Angie shrugs, but she’s listening to what I’m saying, so maybe it’s helping.
“Maybe you’re right. I hope you are.” She laughs. “Listen to me. Complaining because choosing to do the hard thing turned out to be hard.”
I’m in the position that she and The Mothers have found themselves in when they’re talking to me. There’s nothing more to say to make it better, because it is hard, and it’s going to be hard for a while.
“Just because something seems impossible doesn’t mean it’s not worth trying,” I say, because it’s something I’ve said to myself before.
“I need to replace something to make me feel like I’m still me outside being a mom,” Angie says. “It’s not like I can watch horror movies with Guinevere asleep in the same room.”
“Well, we can watch one together,” I suggest. “And afterward, we can go to the library, and I’ll help you replace some horror novels to read when you’re home alone with the baby.”
“Yeah, okay.”
This time, I can tell that I’ve definitely helped, and I’m glad.
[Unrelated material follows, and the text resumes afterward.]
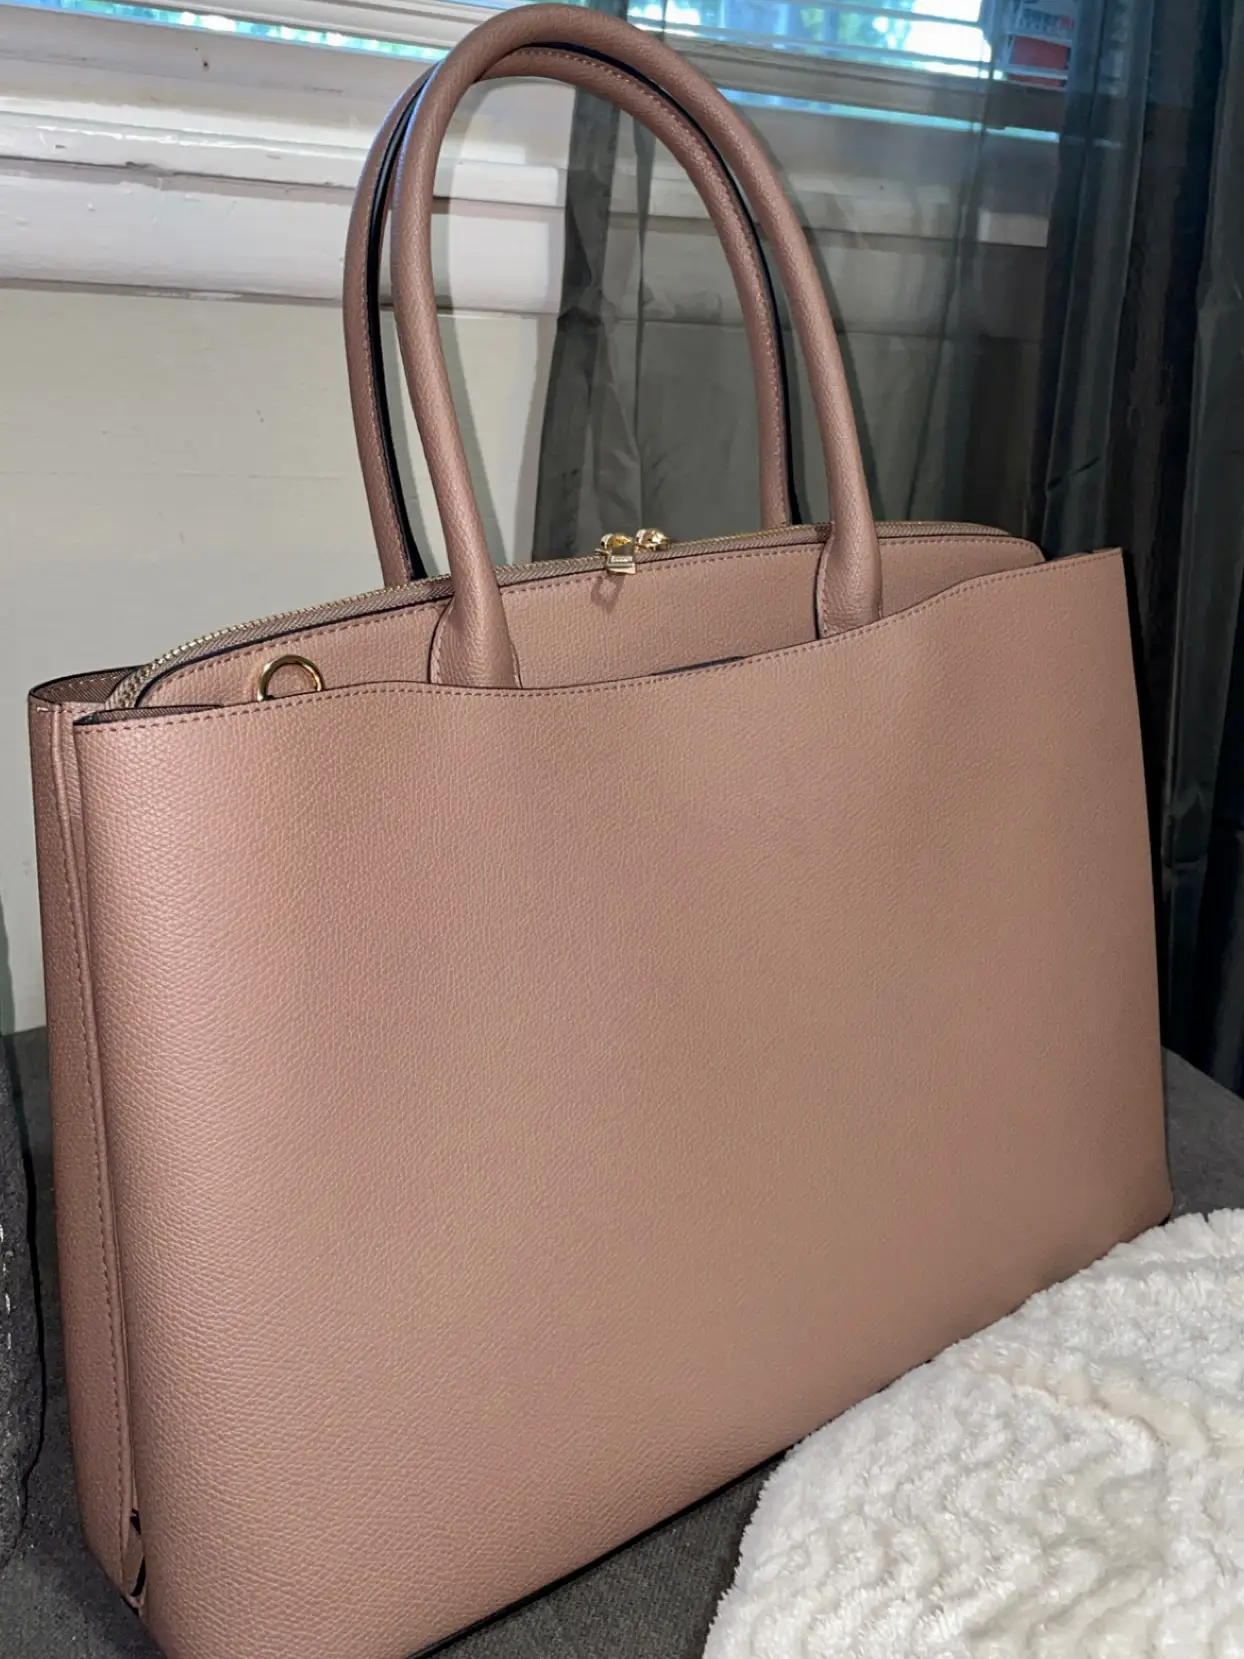 Saint Laurent Shopping Tote Review, Gallery posted by StephaniePernas

Because she released me from a worry that I hadn’t fully articulated; that it was selfish of me to keep my dream of publication when I’m about to become a mother.
Angie winks at me. “Oh, you just want a ride to the library.”
“I actually haven’t been reading much for myself lately,” I confess. “Only a few parenting books.” Angie mimes being physically bowled over by my words.
“Who are you, and what have you done with Autumn Rose Davis?” She jumps off the couch and grabs my hand. “That’s it, we’re going to the library right now. Movie later. You need this more than I do.”
“I won’t say no to that.” I let her help me off the couch. Everyone knows voracious reading is the best way to improve your writing, well except for actually writing. So until I can hold myself together enough to edit the novel inspired by Finny, I need to be reading.
“We’re going to be okay,” Angie says to me.
Today, I choose to believe it.
If you replace any errors (non-standard content, ads redirect, broken links, etc..), Please let us know so we can fix it as soon as possible.